**Exercise**
Without the images, write out the whole listing exactly.

**Material provided**
========================================

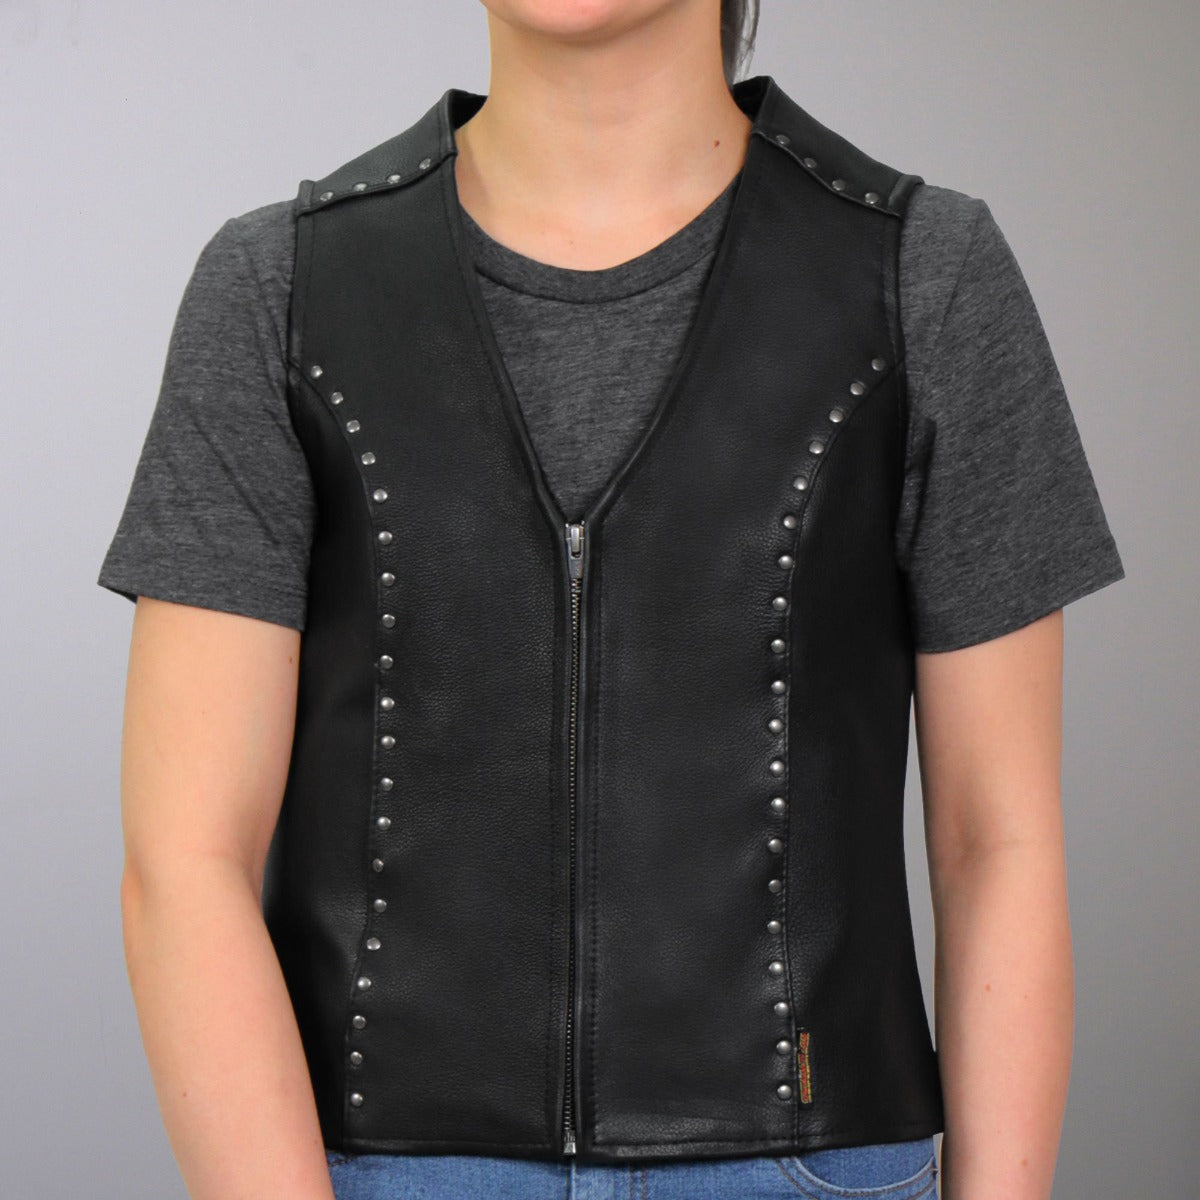 Hot Leathers Women's Leather Vest V-Neck
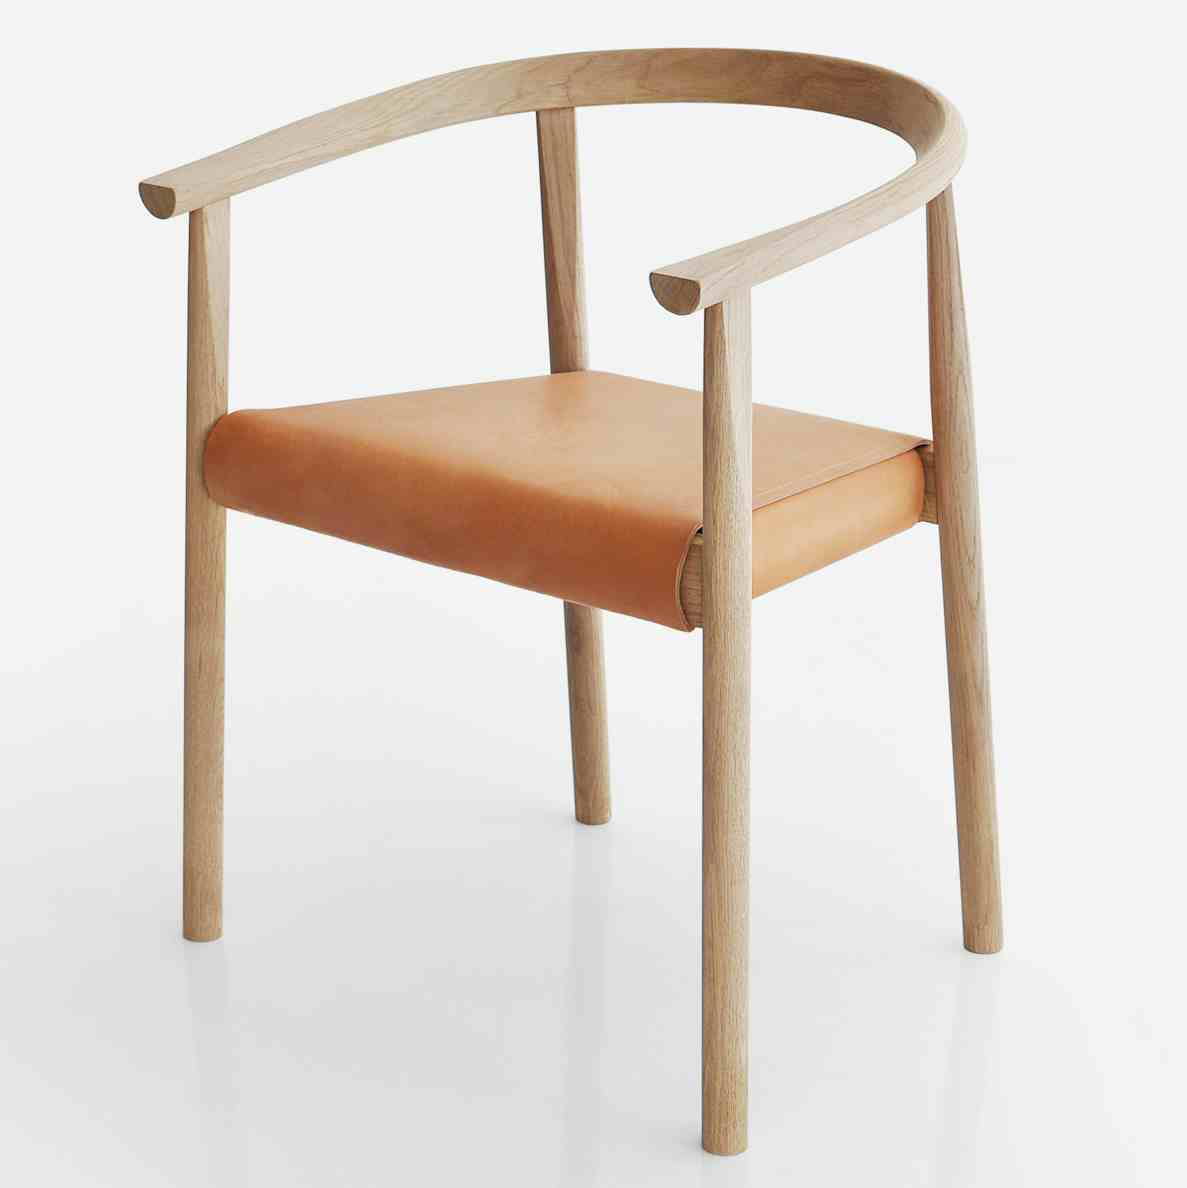 Bensen furniture tokyo chair cognac angle haute living
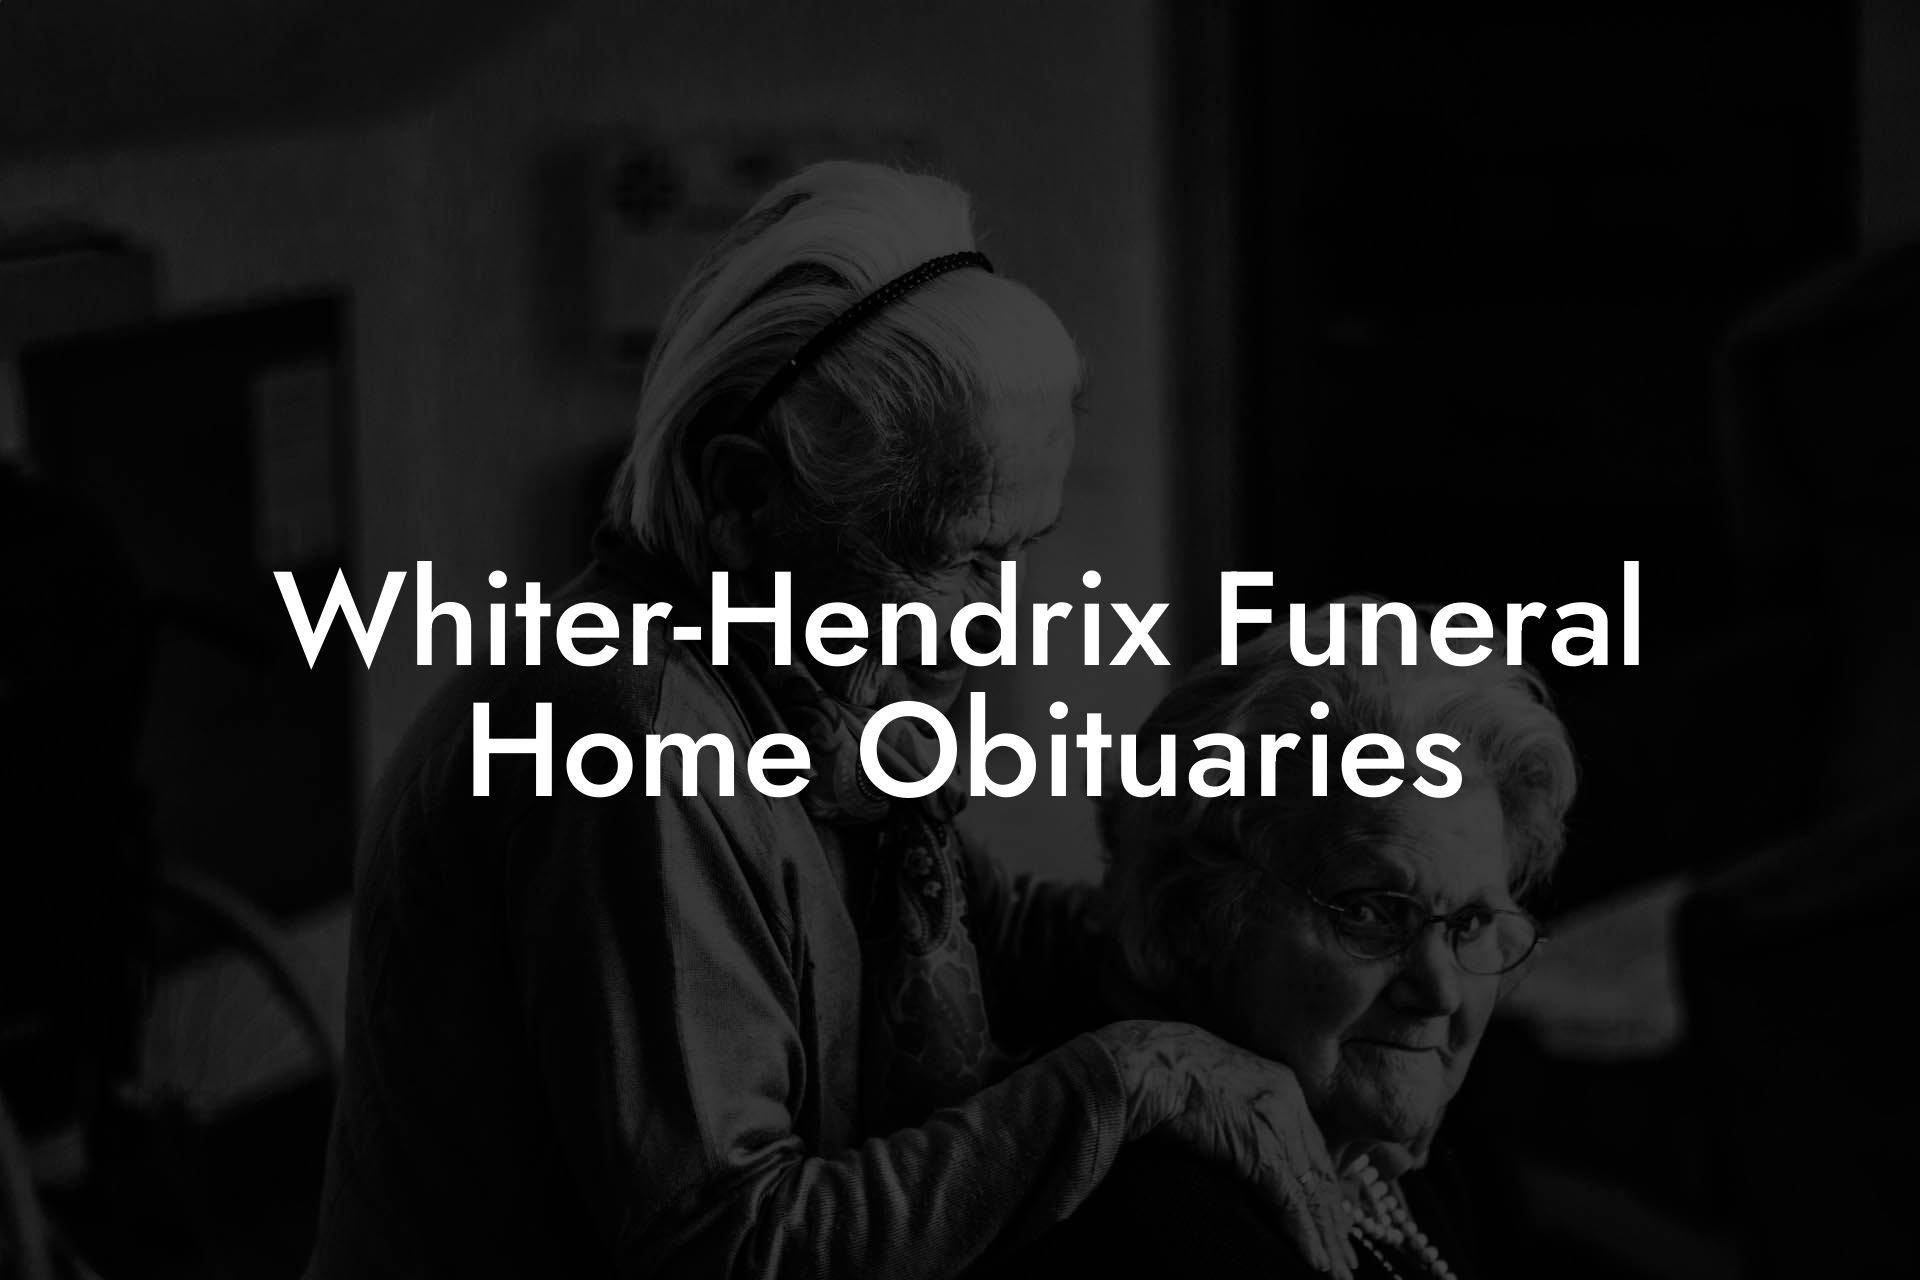 Whiter-Hendrix Funeral Home Obituaries
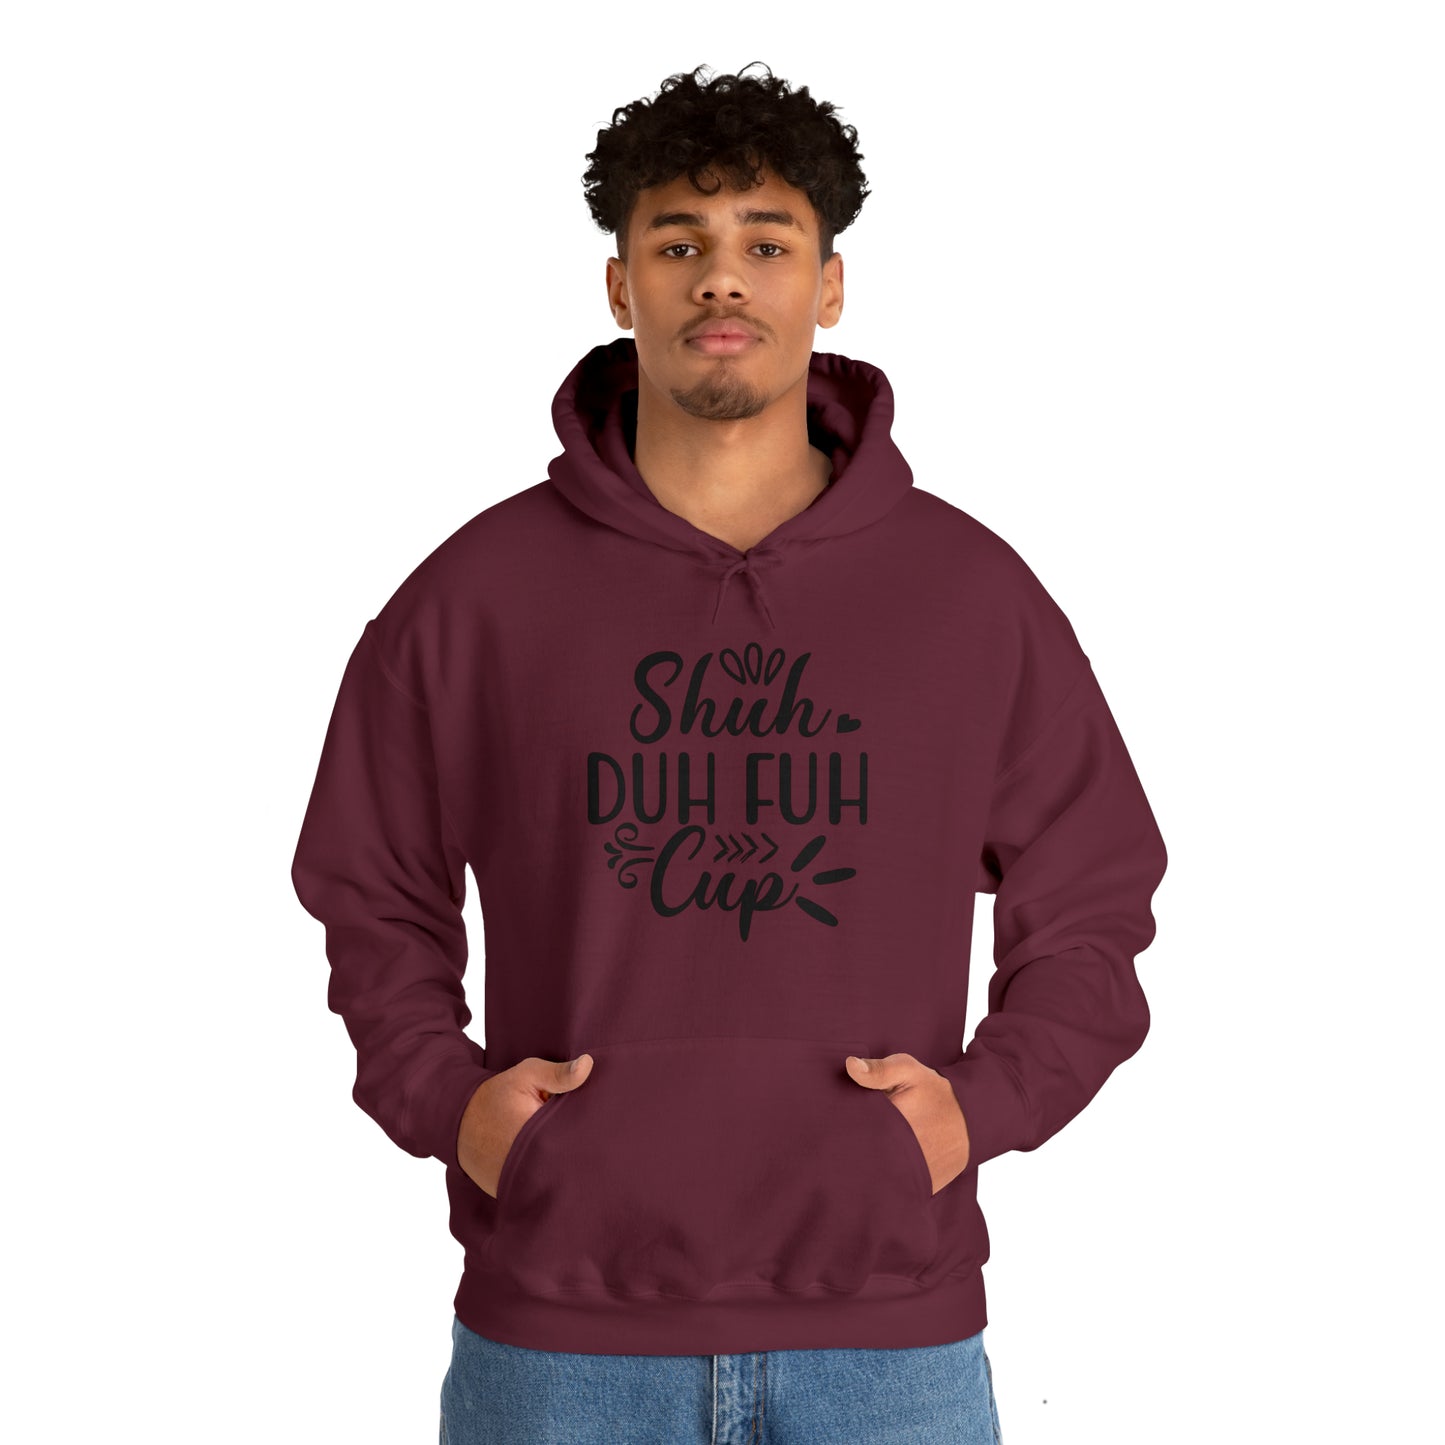 Shuh Duh Fuh Cup | Hooded Sweatshirt

========================================

**Answer below**
 Hot Leathers Women's Leather Vest V-Neck
 Bensen furniture tokyo chair cognac angle haute living
 Whiter-Hendrix Funeral Home Obituaries
 Shuh Duh Fuh Cup | Hooded Sweatshirt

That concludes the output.